Except… apart from the case of the very bottom of a terrible bear market, the only reason to stay at 100% equities is that you want to maximize your bequest while living (far) below your means, at a withdrawal rate likely far below 3%.
More likely you should logically “retire again” and redo the same or a similar upward glidepath at a higher absolute consumption level, avoiding SORR.
Yes and no. If you’re at the bottom and you retired at that bottom, you can still defend 100% equities, whether you’re a new retiree or whether a glidepath brought you there from 60/40 over the last 10 years.
I would recommend the GP with 60/40 starting point mostly for folks who retire while the market is still rocking and rolling at or close to the all-time-high.
Thank you so much for all of your great information! I’ve read all your posts multiple times (trying to get things to sink in). You’re a tremendous resource for the community!

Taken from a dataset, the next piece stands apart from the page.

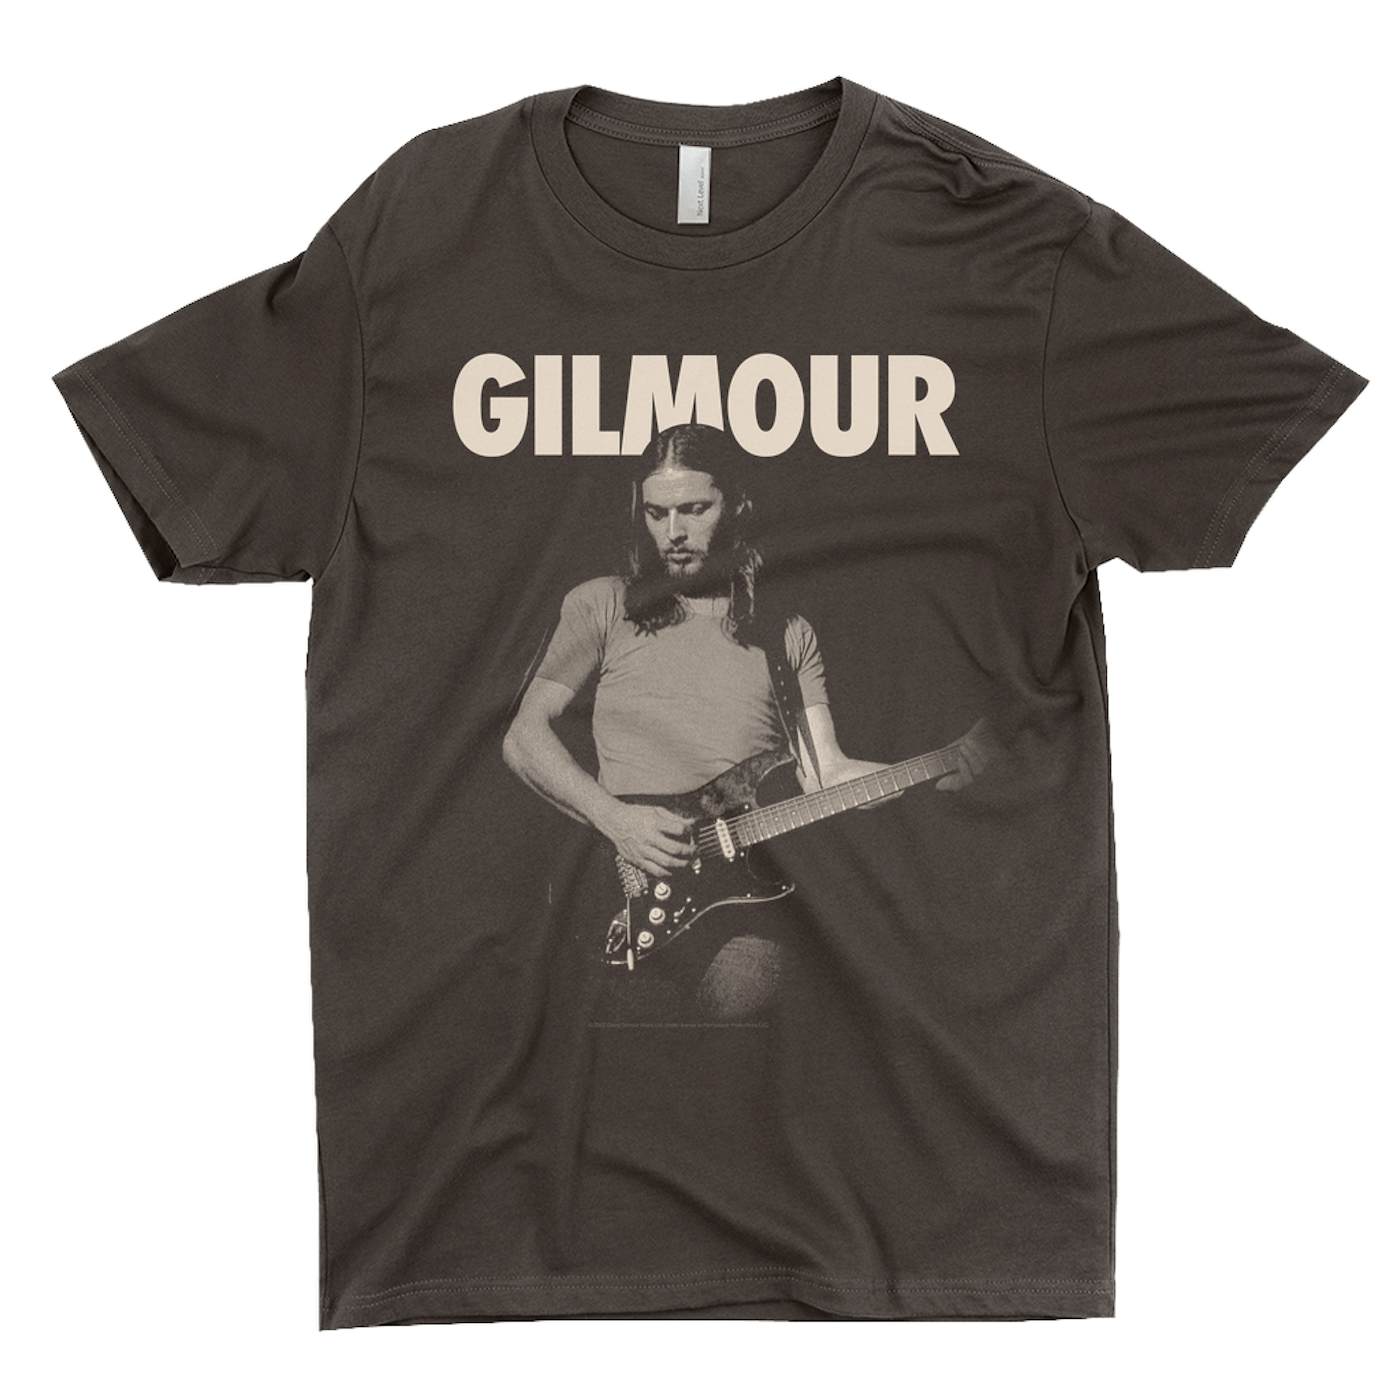 David Gilmour T-Shirt | Young David Gilmour and Bold Logo David Gilmour Shirt

The question that has been nagging at me for the last year or so is about how much risk to take going forward (particularly in light of great returns the last few years)? I have more of an early-traditional retirement aspiration (FI by age 50) than some of the true FIRE folks wanting to hang it up in their 30’s. I’m currently 42 and wife is 39. We are 75% of the way to our FI number (in real terms). On one hand, we’d like to get there ASAP. On the other hand, it seems like additional risk doesn’t matter much at this point. Additionally, the kids won’t be gone until our early 50’s and my job has A LOT of time off flexibility so I don’t mind working (although there are obviously things that I’m ready to be done with). With my jobs flexibility, I can see having 4-5 One-More-Years or being overfunded eventually. I’d like to share my thoughts and get your opinion if you have a moment to answer?

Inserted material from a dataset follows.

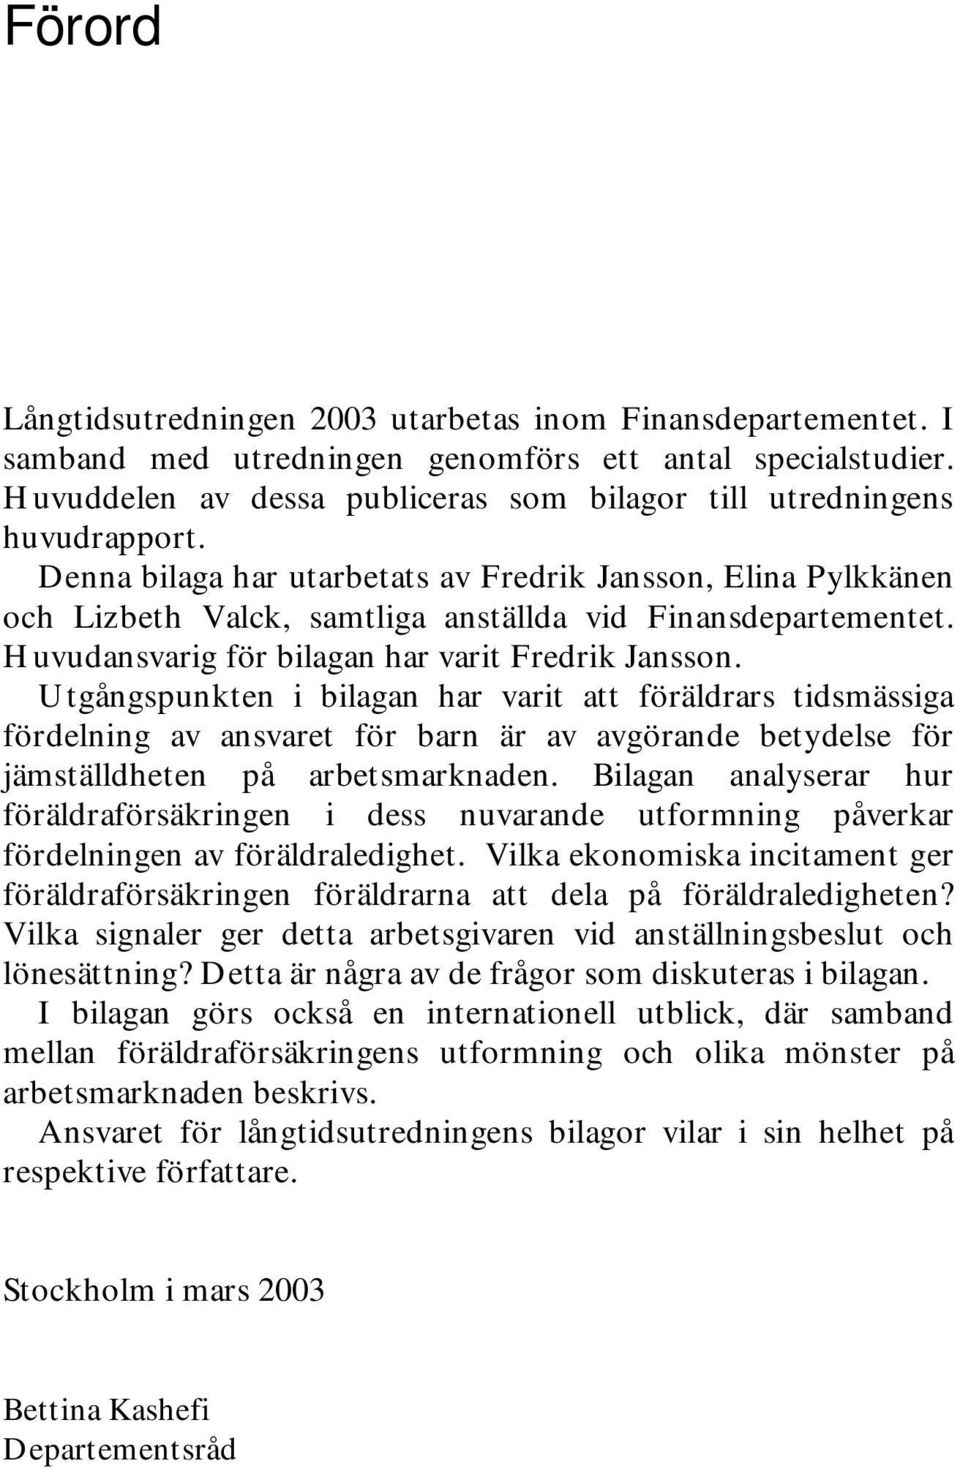 Denna bilaga har utarbetats av Fredrik Jansson, Elina Pylkkänen och Lizbeth Valck, samtliga anställda vid Finansdepartementet. Huvudansvarig för bilagan har varit Fredrik Jansson.

We are currently 80/20 stocks/bonds. We’ve never felt comfortable at 100% equities, so this has been our sleep-well-at-night maximum equity exposure (to our detriment I know). Looking at Vanguard’s Asset class predictions over the next 10 years and considering our portfolio (some INT and SCV – eek :), I compute a 3.1% real return forecast. If I go 60/40 the return forecast would be 2.9% real. Our annual savings is 2.5-3% of the portfolio value (so doesn’t really mirror many of your glidepaths here if I’m looking at them correctly). A 2% average real return gets me to the goal of FI by 50 with our savings rate.

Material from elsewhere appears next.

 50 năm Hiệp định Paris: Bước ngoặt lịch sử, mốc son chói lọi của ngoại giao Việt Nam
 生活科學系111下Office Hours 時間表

What would your thoughts be to someone that looks to be well on track and very flexible with their retirement date? Some days I feel like just keep riding out the 80/20. Other days I feel like we are taking risk that we don’t have to be taking. 60/40 sometimes feels too conservative to me, but given market conditions is that a more reasonable approach for someone closing in on the finish line and a lot of flexibility? It seems your glidepaths in the last section might advocate for as low as 50/50? For context, if we hit our FI number tomorrow, I’d not retire immediately. Mentally, I’d probably wait until we were clearly 20-25% overfunded or I got a little older before I would honestly hang it up.
Thank you!
If you’re already at 80/20, you’d be crazy to move out of bonds and go 100/0, so that’s off the table.
You could just let the 80/20 ride but apply new savings to bonds and maybe get closer to 60/40 that way.